Data Engineer

Engineering Pune, Maharashtra


Company Description:

Infostretch is a digital-native professional services firm. By combining our in-depth experience with niche digital technologies, ready-made tools, frameworks, technologies, and partnerships, we help enterprises get digital right, the first time. Backed by leading private equity firms Goldman Sachs and Everstone Group, the company is trusted by leading Fortune 100 companies as well as emerging innovators to deliver solutions that work seamlessly across channels, leverage predictive analytics to optimize the software lifecycle, and support continuous innovation.

The Company has been Certified as Great Place to Work for consecutive years, thanks to its employee friendly culture and this has enabled consistent double digit growth.

Technical Skills:

  • Strong programming skills.

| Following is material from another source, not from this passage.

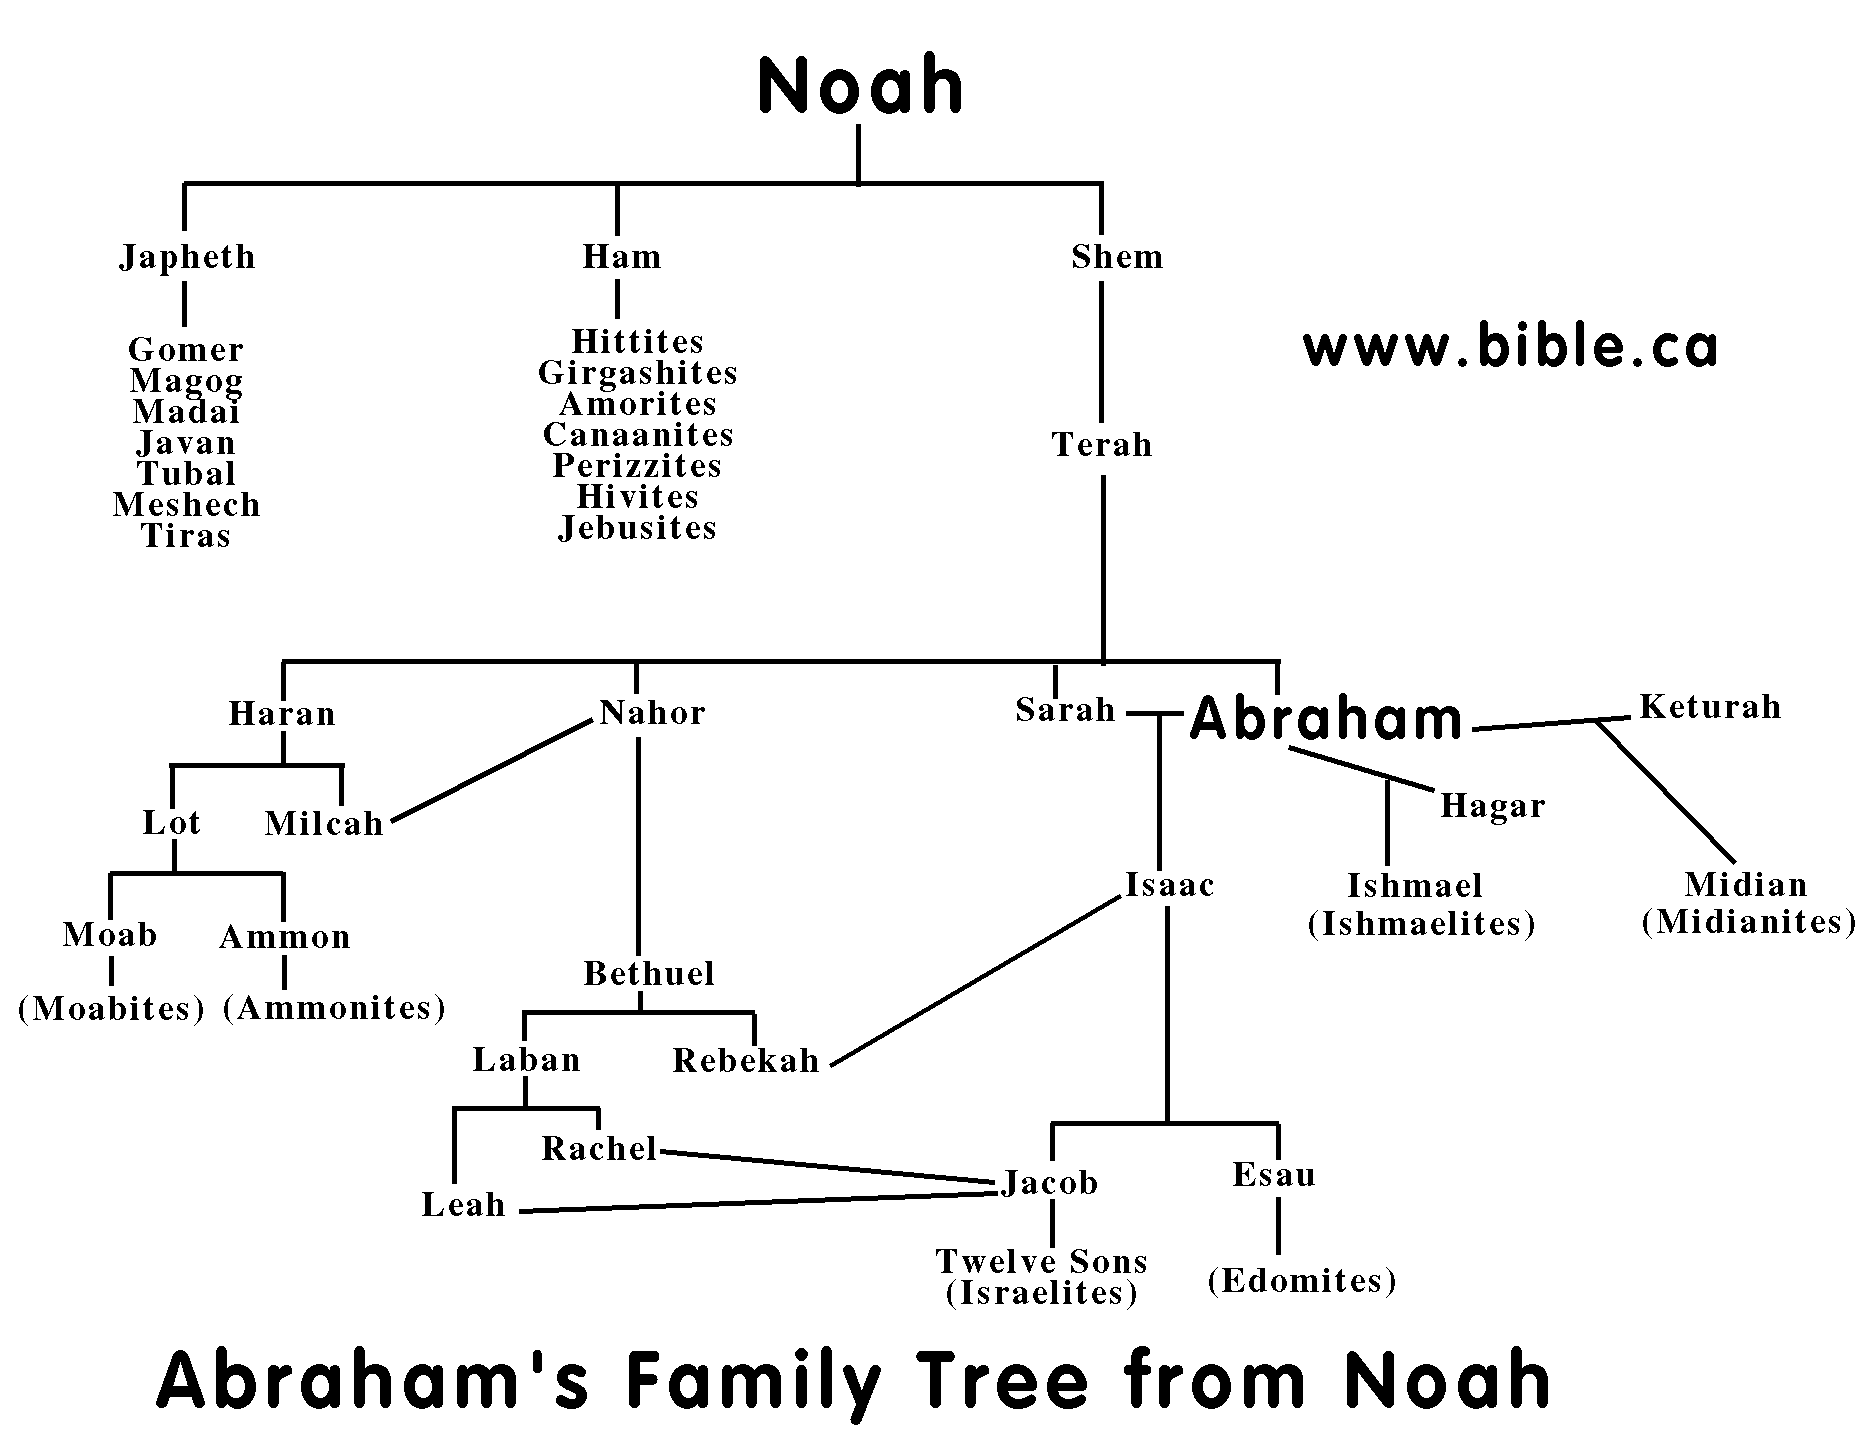 What is a biblical summary of the life of Abraham?

Must be proficient in one of the following languages: Python / Scala / Java
  • Must have working knowledge of Pyspark, Panda Data Frames, SparkSQL etc.
  • Working knowledge of messaging and data pipeline tools like Apache Kafka, Amazon Kinesis
  • Must have experience developing APIs using frameworks like Flask/Django etc.
  • Experience with stream-processing systems: Apache Spark-Streaming, Apache Storm etc.
  • Experience working in open table / in-memory table formats for huge analytics dataset: Iceberg, Parquet, Arrow, AVRO etc.
  • Experience writing and understanding complex SQL queries
  • Experience with AWS cloud services, data pipeline and governance tools like AWS Glue.
  • Experience working with NoSQL databases like, Apache Solr, DynamoDB, MongoDB.
  • Experience working with data warehouse tools like AWS Redshift, Snowflake.
  • Must have worked with structured, semi-structured and unstructured large data sets from real time/batch streaming data feeds.